[Task]: In the entries below, repeat only the lines between those holding "Kijk voor het" and "H117s zino - drone", inclusive. Leave pictures out.

[Task input]:
____________

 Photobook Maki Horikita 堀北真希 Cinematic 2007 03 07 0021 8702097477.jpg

____________

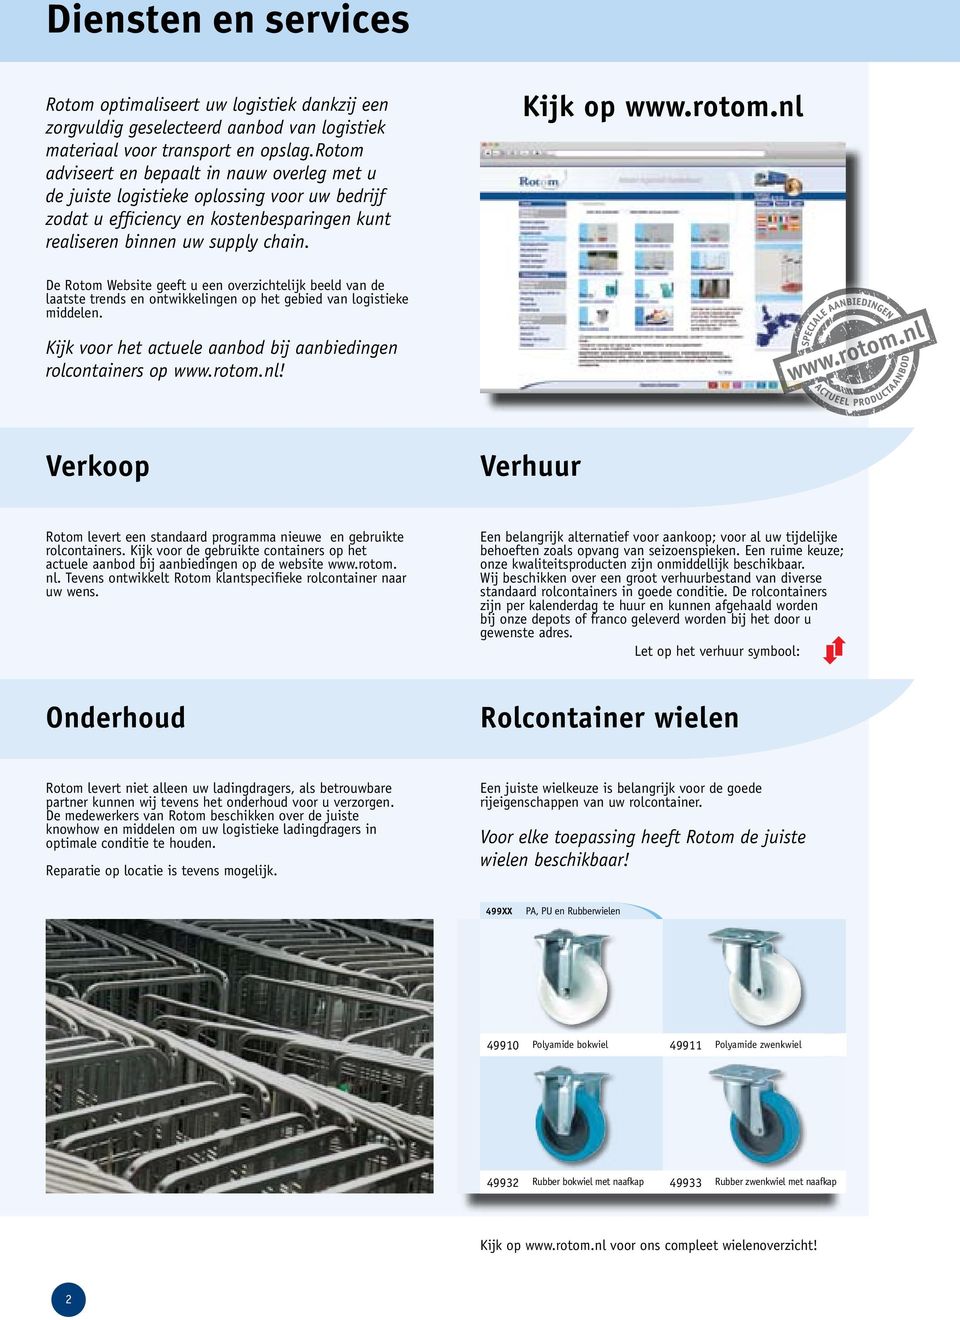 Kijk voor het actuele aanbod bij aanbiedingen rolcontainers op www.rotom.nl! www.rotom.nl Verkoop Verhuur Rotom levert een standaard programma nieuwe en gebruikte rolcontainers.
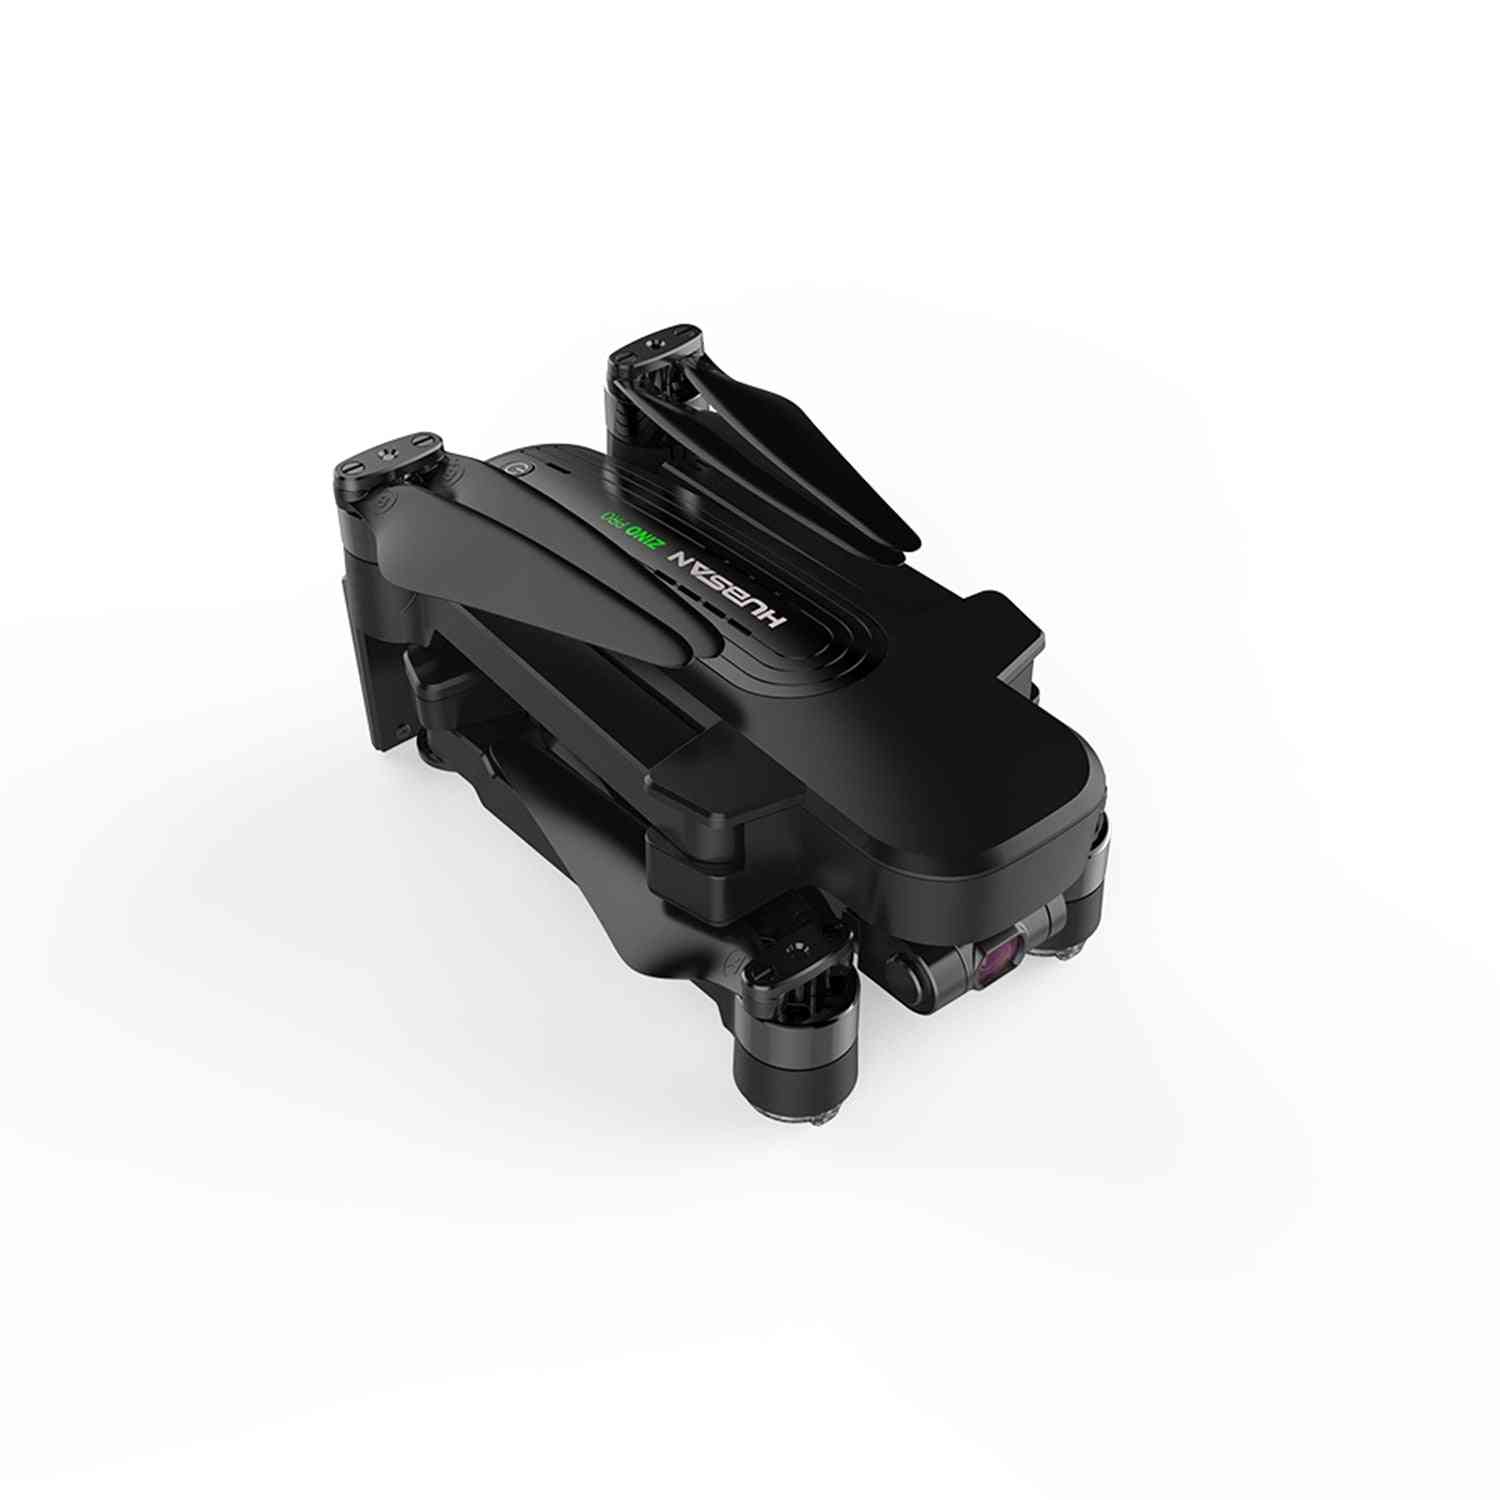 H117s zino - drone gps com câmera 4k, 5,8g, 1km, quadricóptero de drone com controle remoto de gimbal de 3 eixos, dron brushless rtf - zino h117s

____________

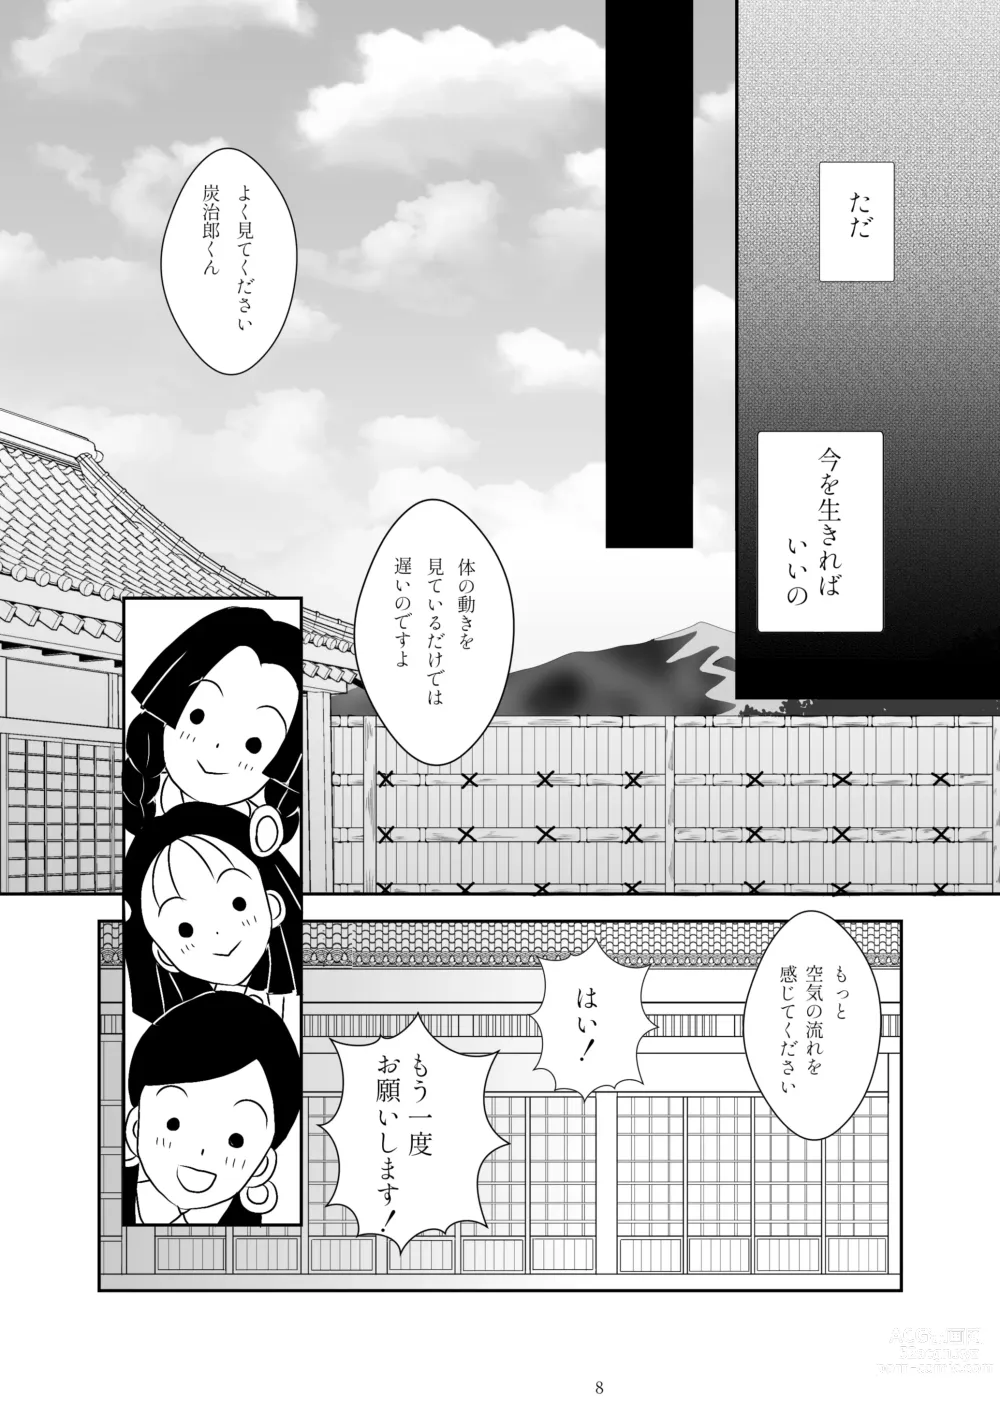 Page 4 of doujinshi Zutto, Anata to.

____________

[Response to the task]:
 Kijk voor het actuele aanbod bij aanbiedingen rolcontainers op www.rotom.nl! www.rotom.nl Verkoop Verhuur Rotom levert een standaard programma nieuwe en gebruikte rolcontainers.
 H117s zino - drone gps com câmera 4k, 5,8g, 1km, quadricóptero de drone com controle remoto de gimbal de 3 eixos, dron brushless rtf - zino h117s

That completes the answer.